Saturday, September 29, 2012

Hudson in 1905: Part 33

The following is an excerpt from the booklet Illustrated Hudson, N.Y., published in 1905.

R. I. KINGMAN & COMPANY--Stoves, Etc. No. 557 Warren street. This concern is one of the recent additions to the general business interests of the city, but in its establishment of some three years' duration, has gained a decided success. The premises comprise a large store, well equipped with all the conveniences suited to the management of a business conducted on such an important scale. This store contains everything in the line of stoves, ranges, general hardware, cutlery, tinware, churns, copper, woodenware, dairy supplies, etc. Two shops flank the rear of the store, where all kinds of repair work is carried on. Special attention is called to the excellent line of plows on sale, leading among them the Columbia Chilled Plow. Mr. Kingman is a business man of great ability, and manages this store with a view to the best treatment of his patrons, giving them the benefits of the lowest prices for the most improved stock. Orders are attended to with care and promptness, and deliveries are made within the city limits.

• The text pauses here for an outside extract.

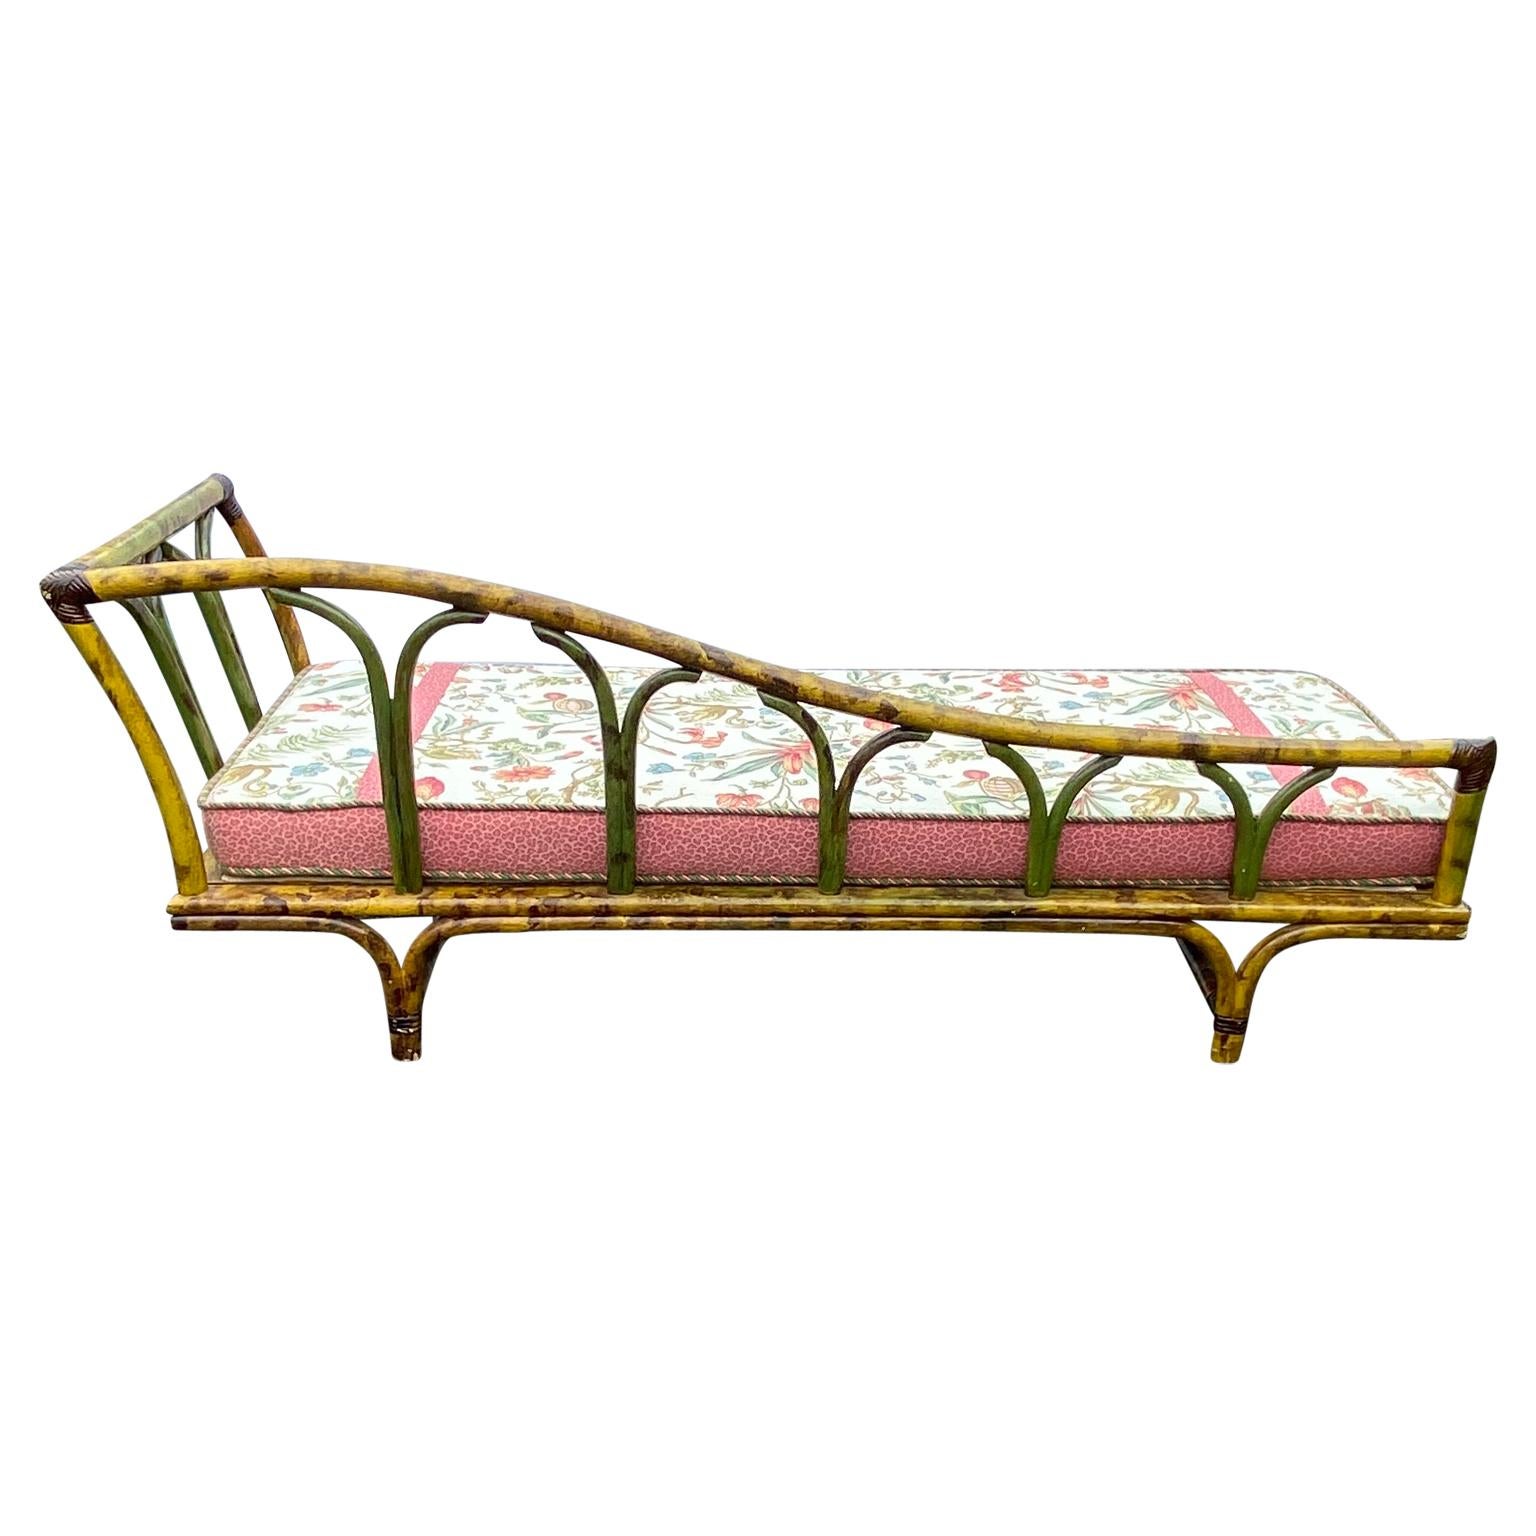 Mid-20th Century Ficks Reed Rattan Daybed Chaise Lounge, Mid-Century Modern

557 Warren Street today--someday to be Quadrille

Gossips Note: A search to discover information about the Columbia Chilled Plow discovered these two items for sale on eBay: a teacup, probably given by the company as a premium to its customers, and a trade card for the Columbia Chilled Plow.

 The trade card describes the Columbia Chilled Plow in this way: 
It is made entirely of the best quality selected Charcoal Iron. It is a model of perfection in shape. It is light in weight. It is very light draft. It clears perfectly in soil where other plows fail. It wears better than any other iron or chilled plow made. It prepares and pulverizes the soil. It runs level and steady, making it an easy plow to hold.
The Columbia Chilled Plow was manufactured at the Copake Iron Works.

The "chilled plow" was patented in 1868 by James Oliver, a Scottish immigrant who had settled in South Bend, Indiana. Oliver devised an ingenious method of cooling the wearing surfaces of a plow more quickly than the body of the plow. As a result, part of the plow that came in contact with the soil had a hard, glassy surface while the rest of the plow was tough iron.